§ **What you need to do**:
Leaving out each picture, transcribe the lines of the listing below exactly from the first through the line that contains "American football ball".

§ **Raw data**:
Content starts

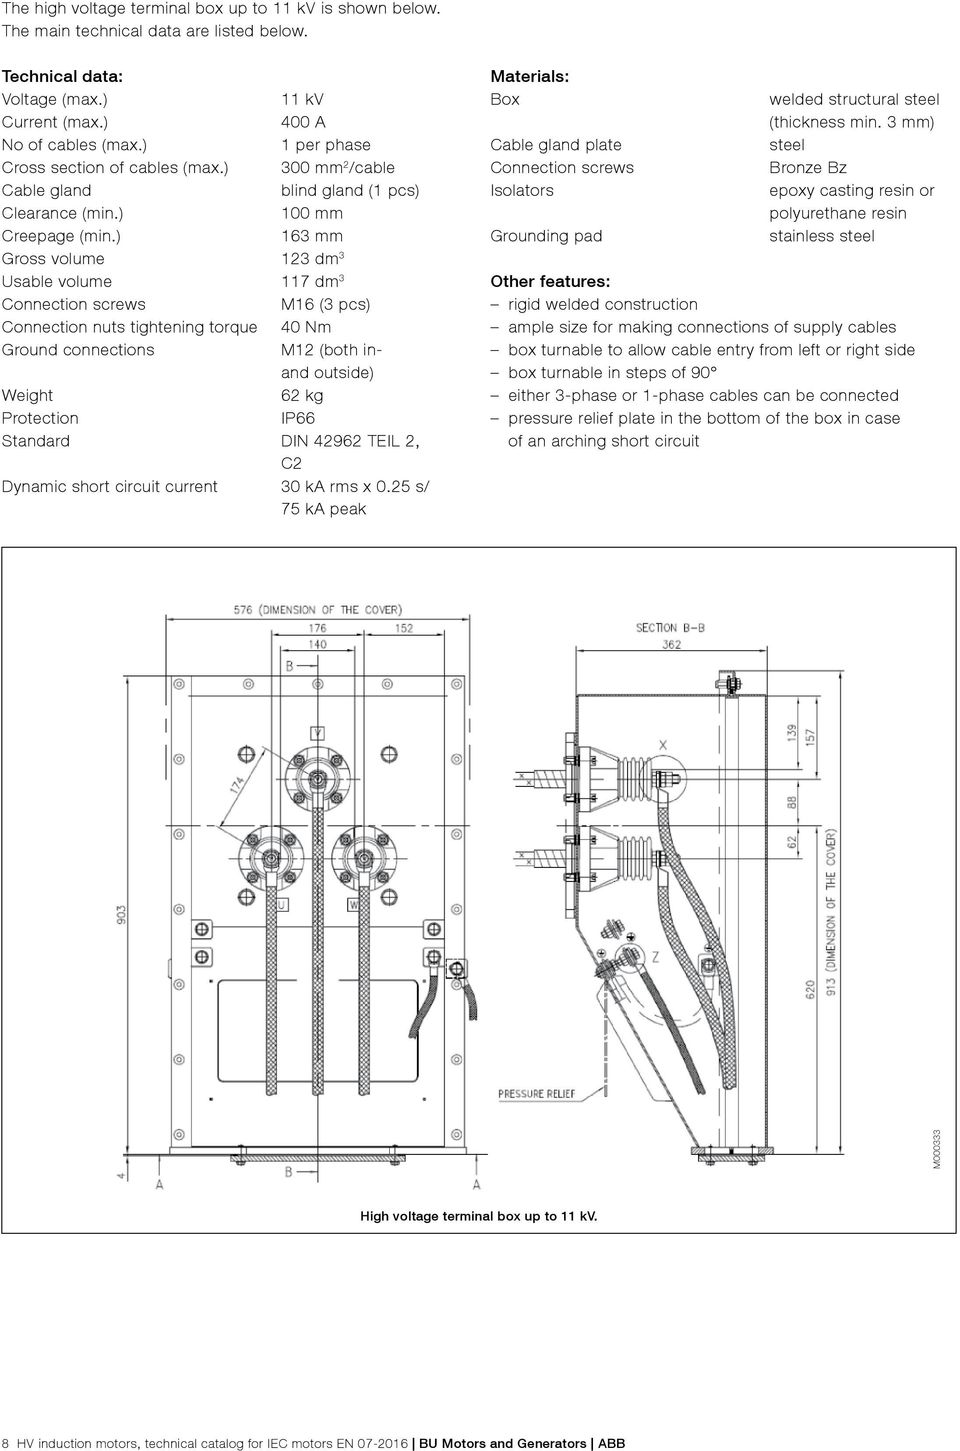 ) 163 mm Gross volume 123 dm 3 Usable volume 117 dm 3 Connection screws M16 (3 pcs) Connection nuts tightening torque 40 Nm Ground connections M12 (both inand outside) Weight 62 Protection IP66
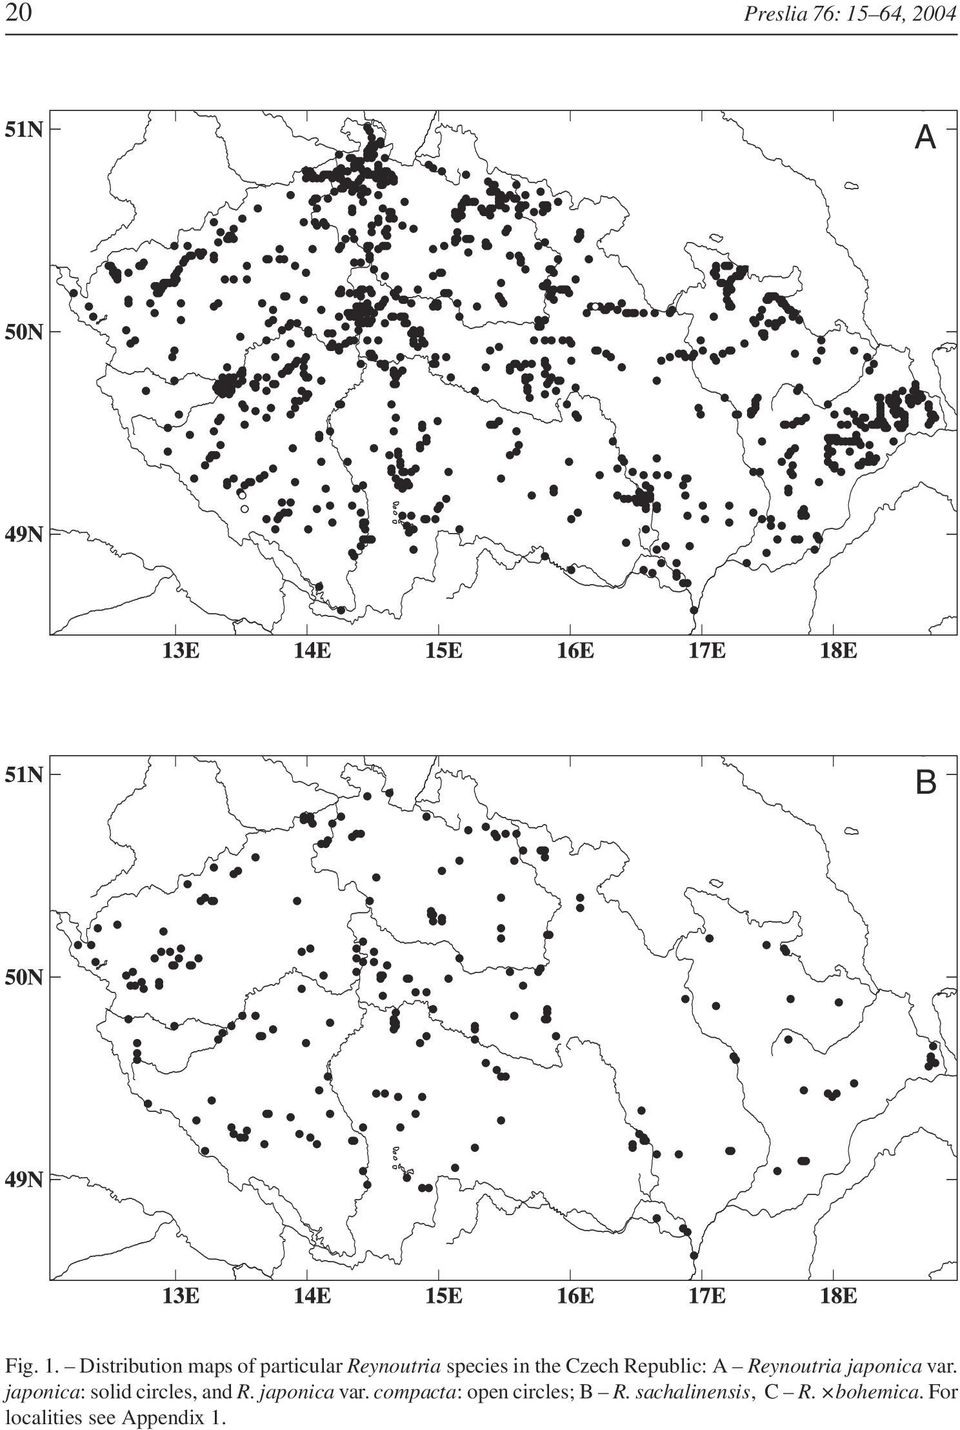 Distribution maps of particular Reynoutria species in the Czech
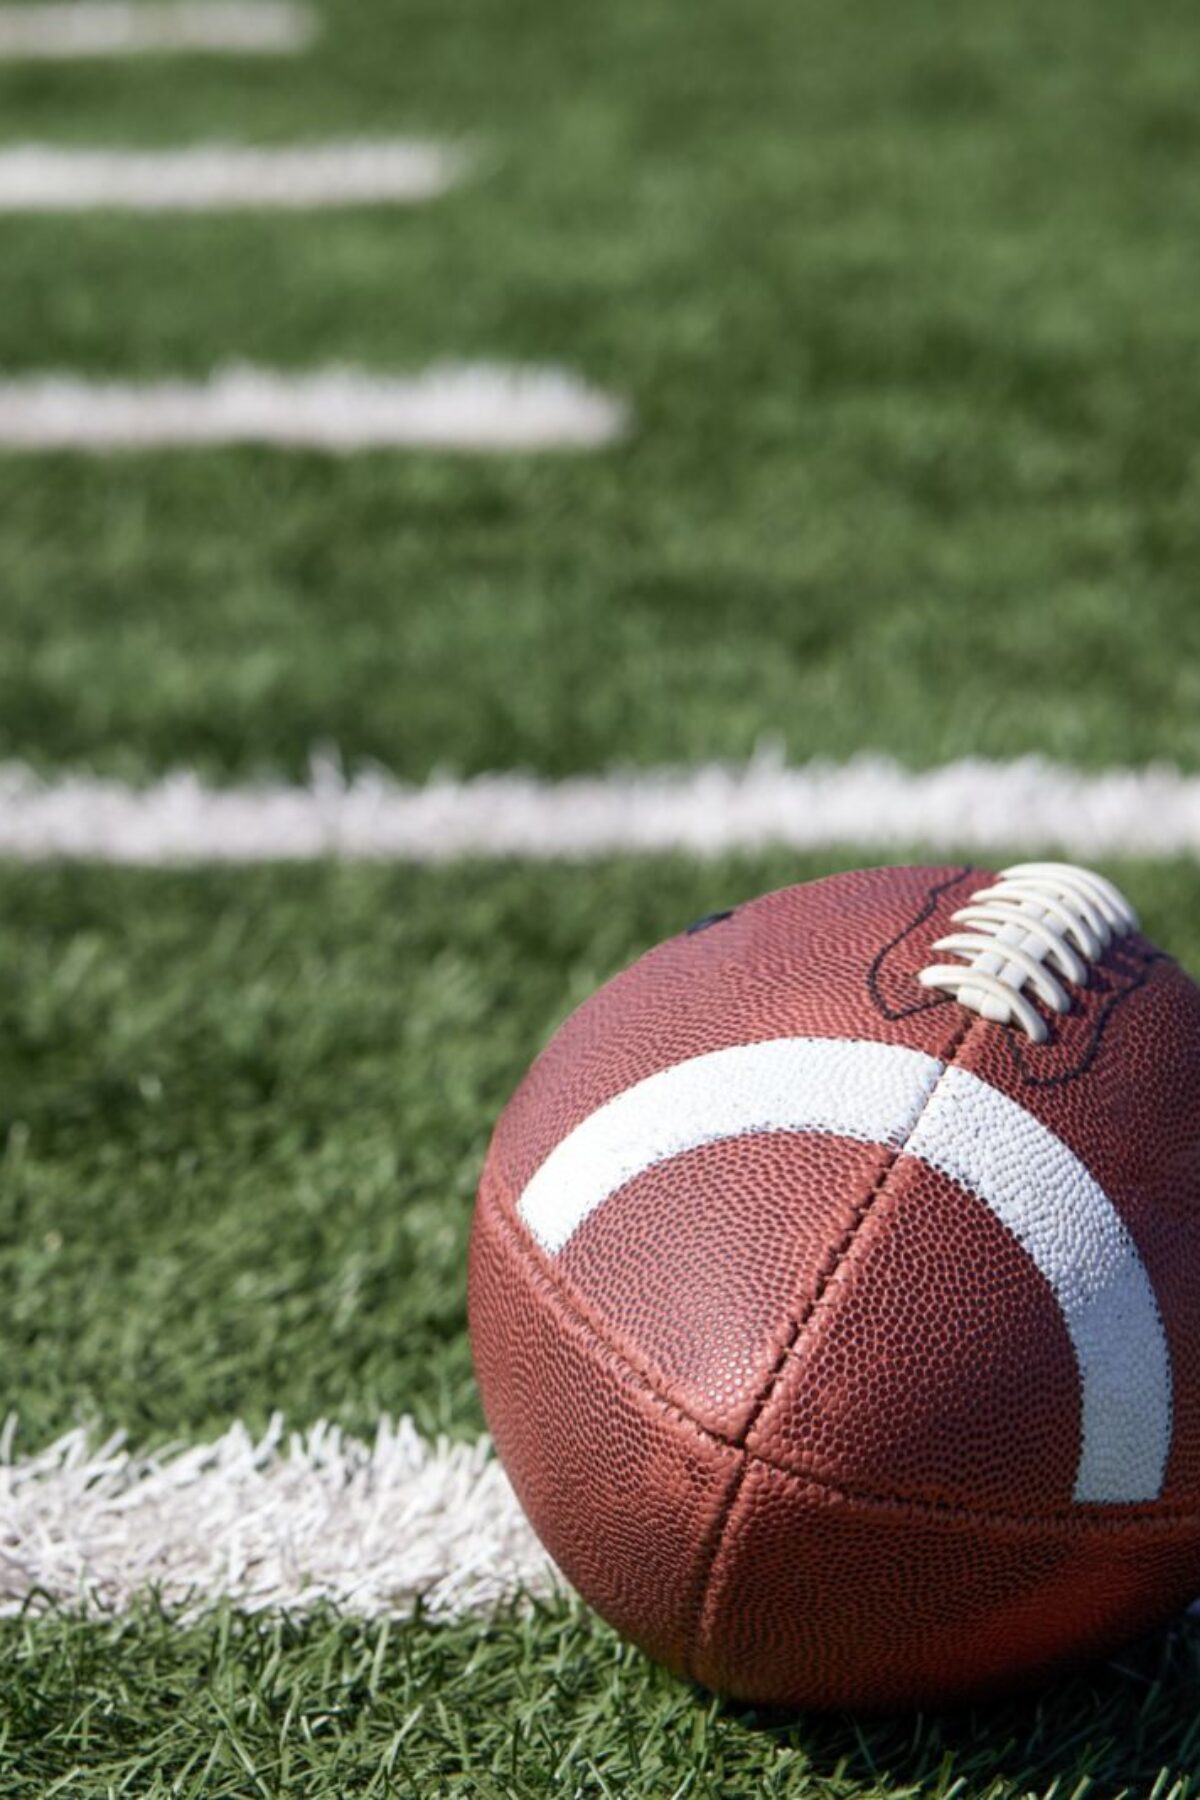 American football ball at yard line markers on playing field - stock photo
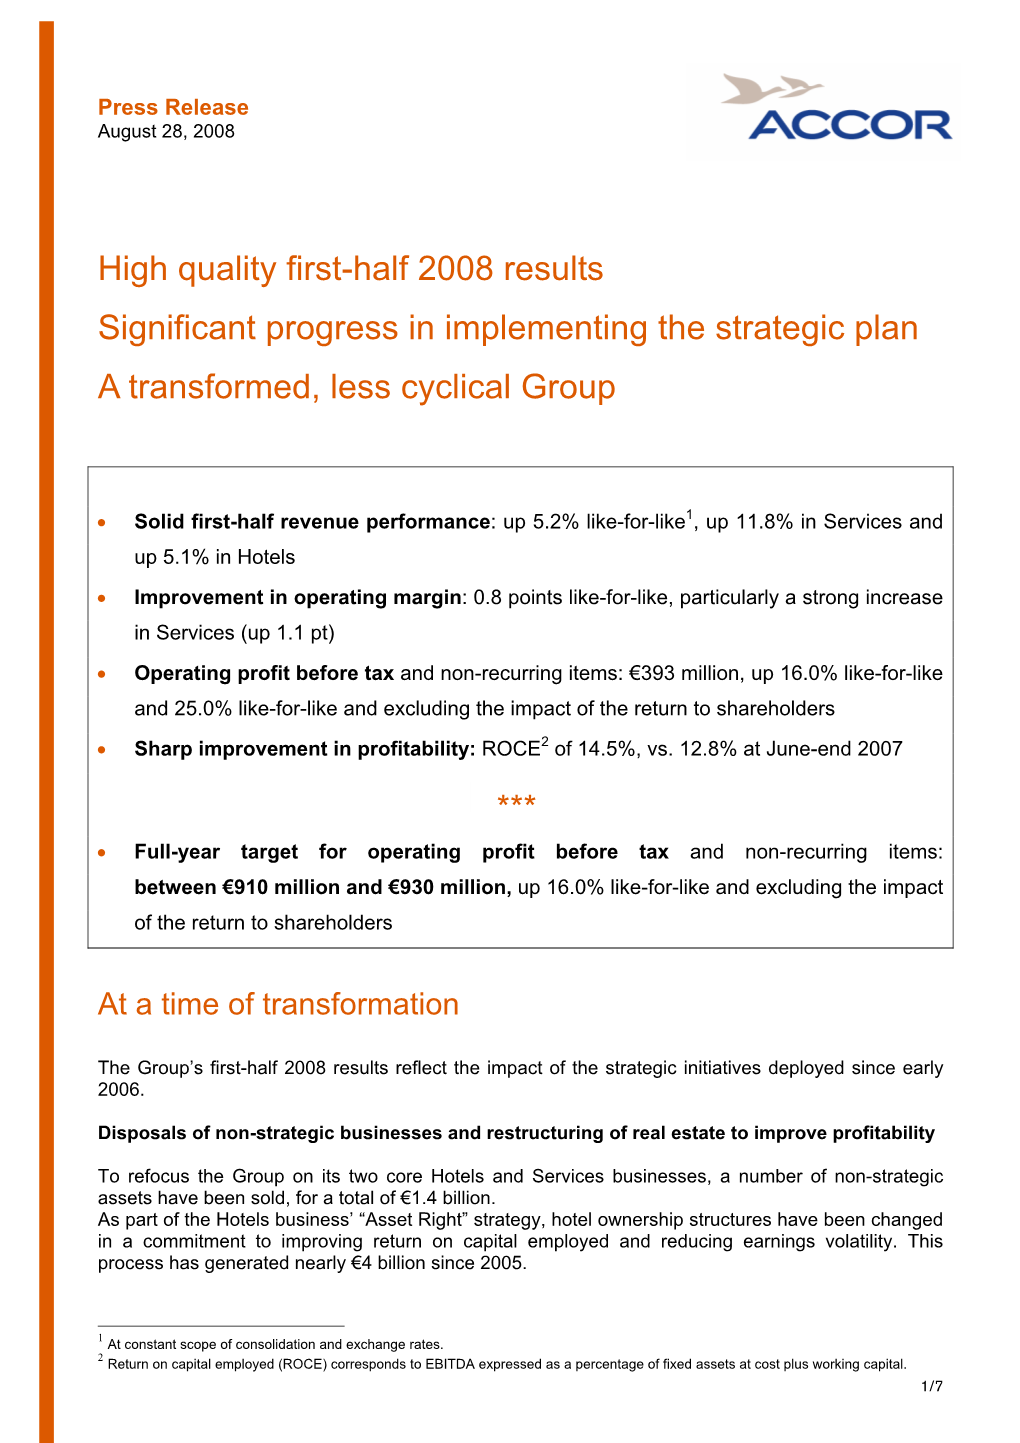 High Quality First-Half 2008 Results Significant Progress in Implementing the Strategic Plan a Transformed, Less Cyclical Group

Content ends

§ **Expected answer**:
 ) 163 mm Gross volume 123 dm 3 Usable volume 117 dm 3 Connection screws M16 (3 pcs) Connection nuts tightening torque 40 Nm Ground connections M12 (both inand outside) Weight 62 Protection IP66
 Distribution maps of particular Reynoutria species in the Czech
 American football ball at yard line markers on playing field - stock photo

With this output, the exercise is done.